The 2021 Chevrolet Trailblazer has rather unrefined driving dynamics. Acceleration is slow, the ride quality is firm, and the SUV doesn’t feel especially nimble in tight turns. On the plus side, its fuel economy is pretty good for a subcompact SUV.

  • "We tested an all-wheel-drive RS model and can both subjectively and objectively conclude that the Trailblazer is slow. The turbo-three offers a decent amount of low-end grunt, but it quickly gives up as revs climb and speeds increase. The 50-to-70-mph merge onto a freeway is a 7.0-second affair, plenty of time to gesture to your fellow motorists to please let you in. Hitting 60 mph takes a leisurely 9.4 seconds, and the quarter mile passes in a yawn-inducing 17.1 seconds." -- Car and Driver
  • "In ordinary driving, there's nothing that conveys agility or sportiness.
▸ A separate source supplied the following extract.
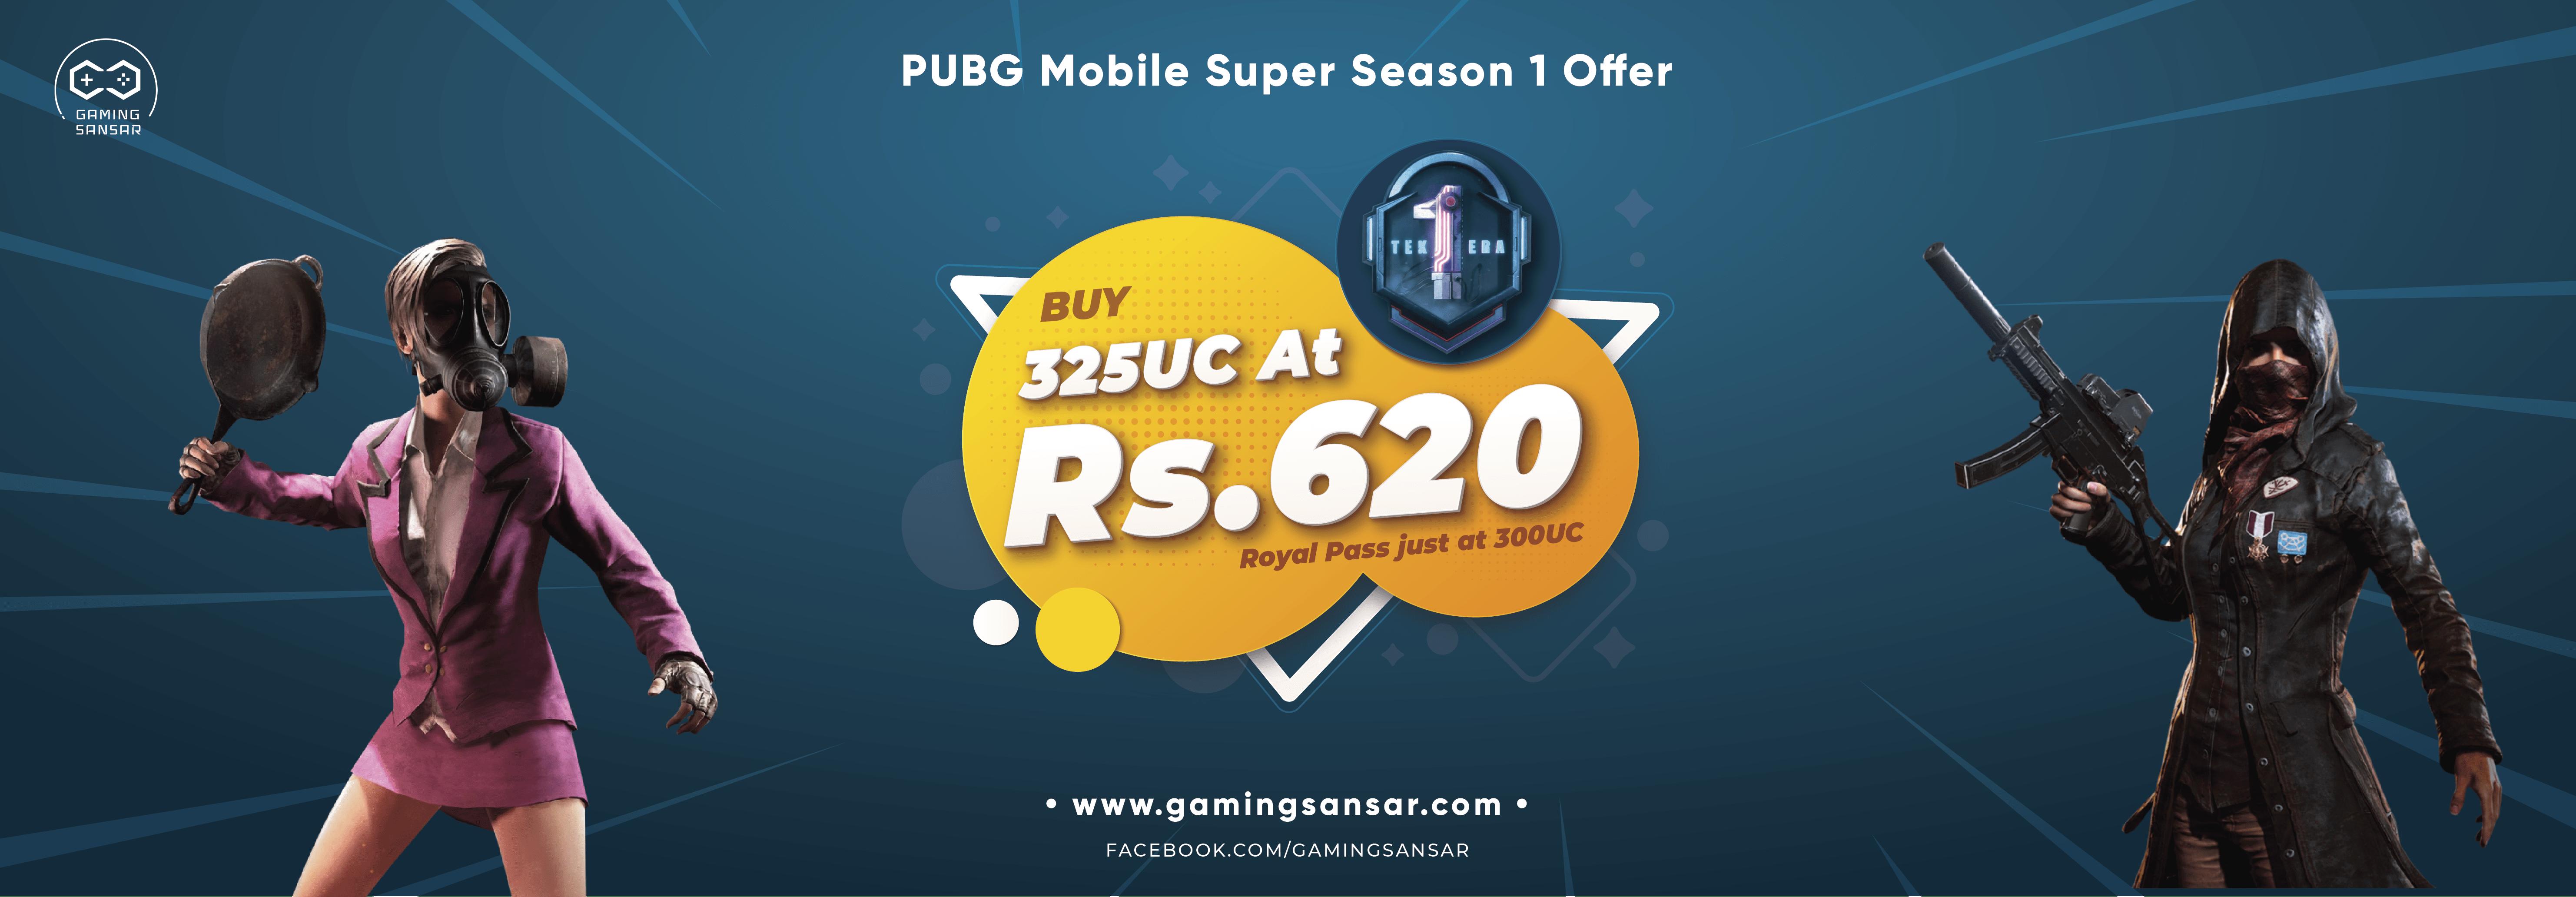 Get Super Season 1 Royal Pass (325 UC) at Just Rs. 620 🥰🥰🥰

The steering is overly light and short on feedback. Throw in some body lean and that makes the Trailblazer feel rather dull in corners." -- Consumer Reports
  • "It's a shame about the lack of suspension refinement, because in all other respects the Trailblazer puts in a good effort." -- Automobile Magazine

Engine Options, Horsepower, and Acceleration

  • Base engine: 1.2-liter turbocharged three-cylinder with 137 horsepower and 162 pound-feet of torque
  • Available engine: 1.3-liter turbocharged three-cylinder with 155 horsepower and 174 pound-feet of torque
  • Drivetrain: standard front-wheel drive; available all-wheel drive
  • Transmission: continuously variable automatic (CVT) in FWD models; nine-speed automatic in AWD models

Some critics think the Trailblazer’s tiny three-cylinder engines provide adequate grunt when shuttling the Trailblazer around town at low speeds, but almost all agree that the SUV is desperately short on power at higher speeds. The CVT and nine-speed transmissions do a fine job of keeping these engines within their powerband though, which helps mitigate this modest power.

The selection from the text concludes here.